_Exercise prompt_
Using only the entries below, copy exactly the lines that begin at the one with "DC Multiverse Two-Face as Batman ABANDONADO" and end at the one with "Vue aérienne du", both included. Drop the pictures.

_Records supplied_
****************************************
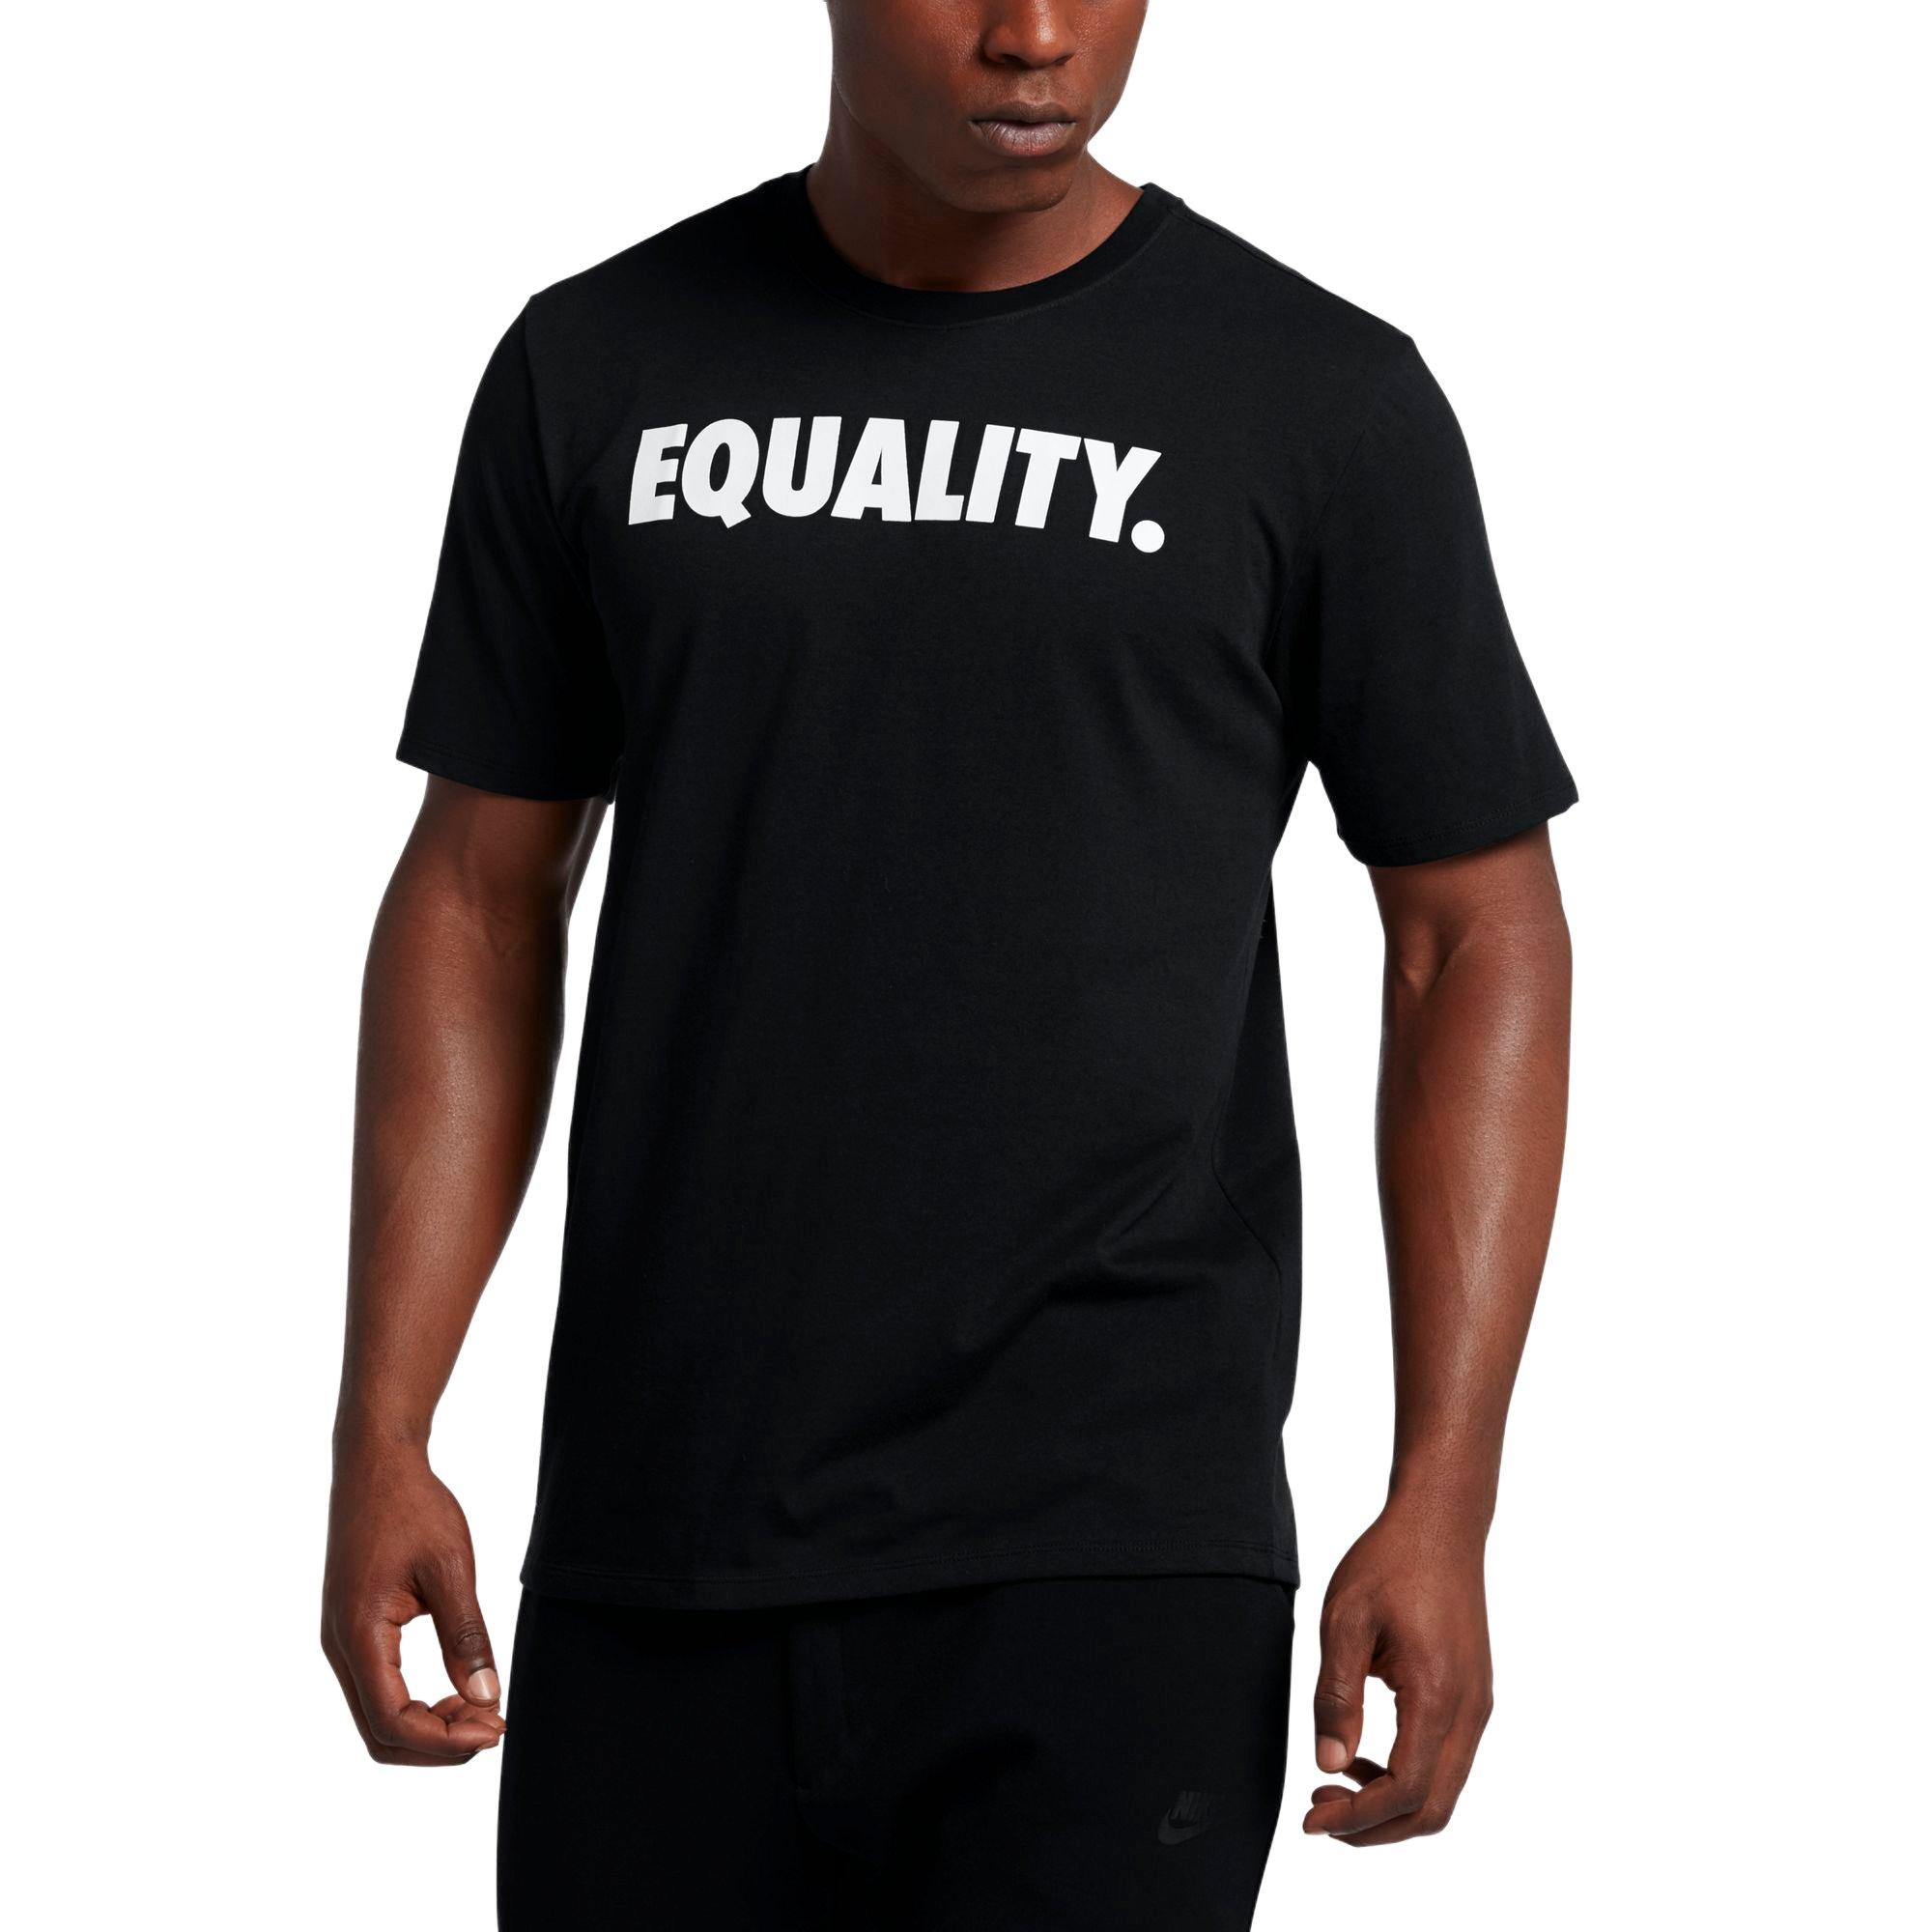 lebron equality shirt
****************************************
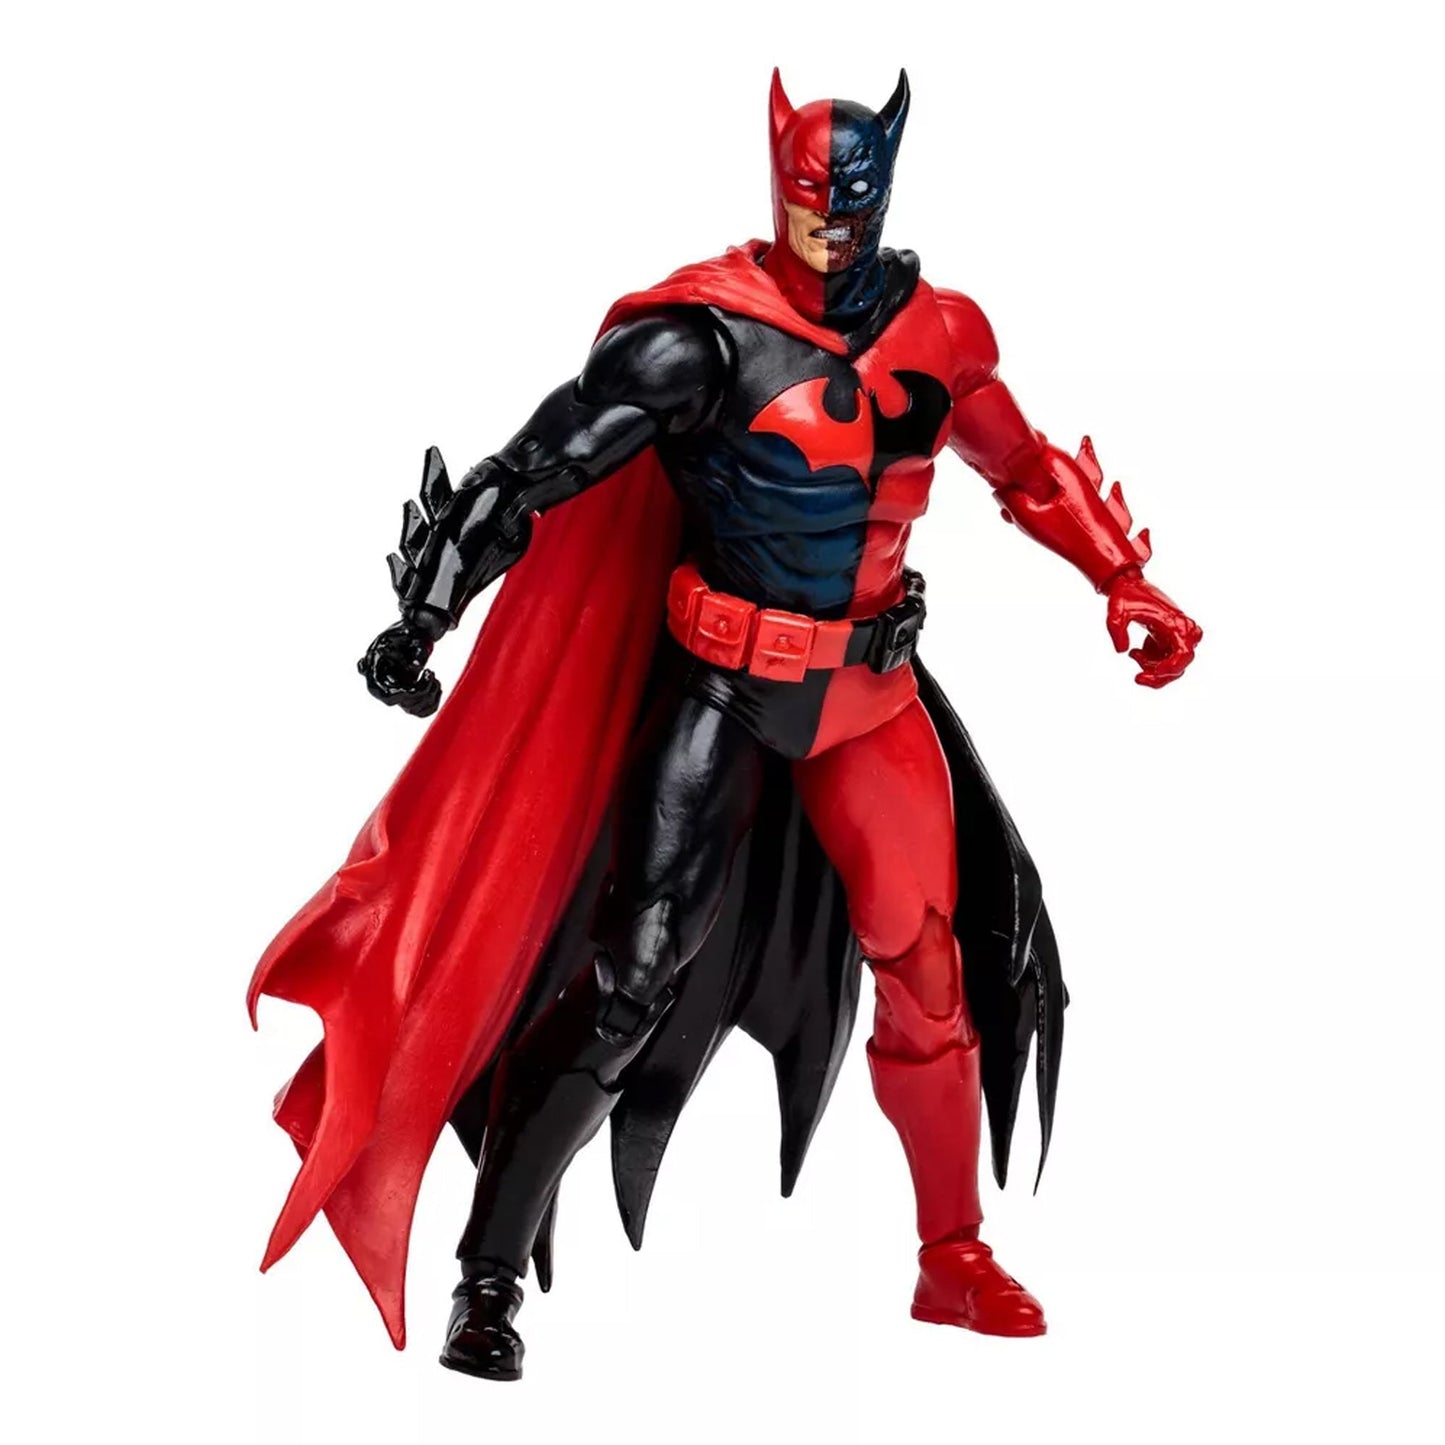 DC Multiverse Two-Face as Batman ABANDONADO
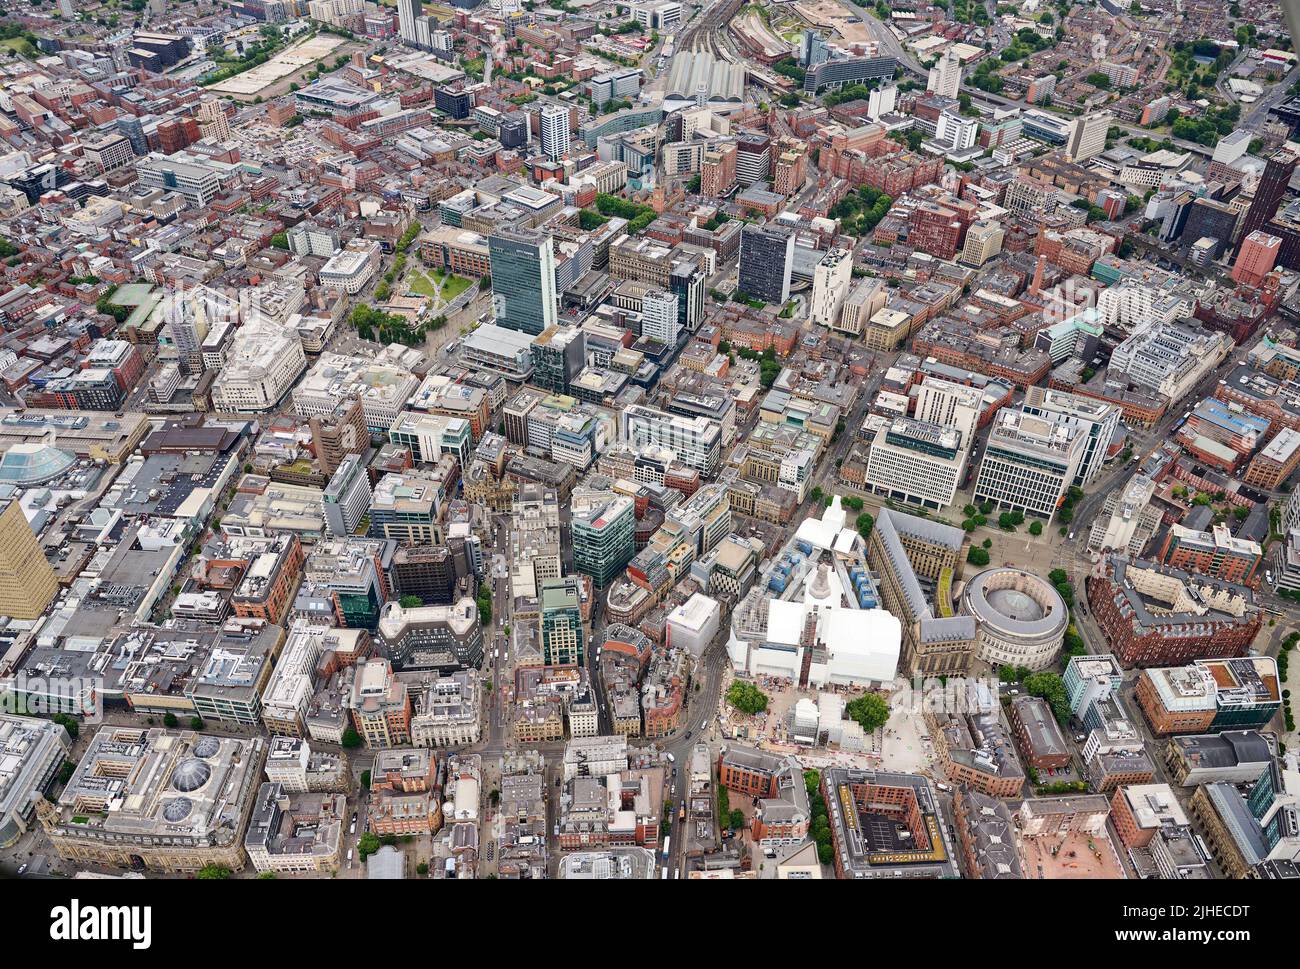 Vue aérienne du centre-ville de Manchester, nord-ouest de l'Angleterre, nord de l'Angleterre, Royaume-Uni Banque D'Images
****************************************
_Completed task_
 DC Multiverse Two-Face as Batman ABANDONADO
 Vue aérienne du centre-ville de Manchester, nord-ouest de l'Angleterre, nord de l'Angleterre, Royaume-Uni Banque D'Images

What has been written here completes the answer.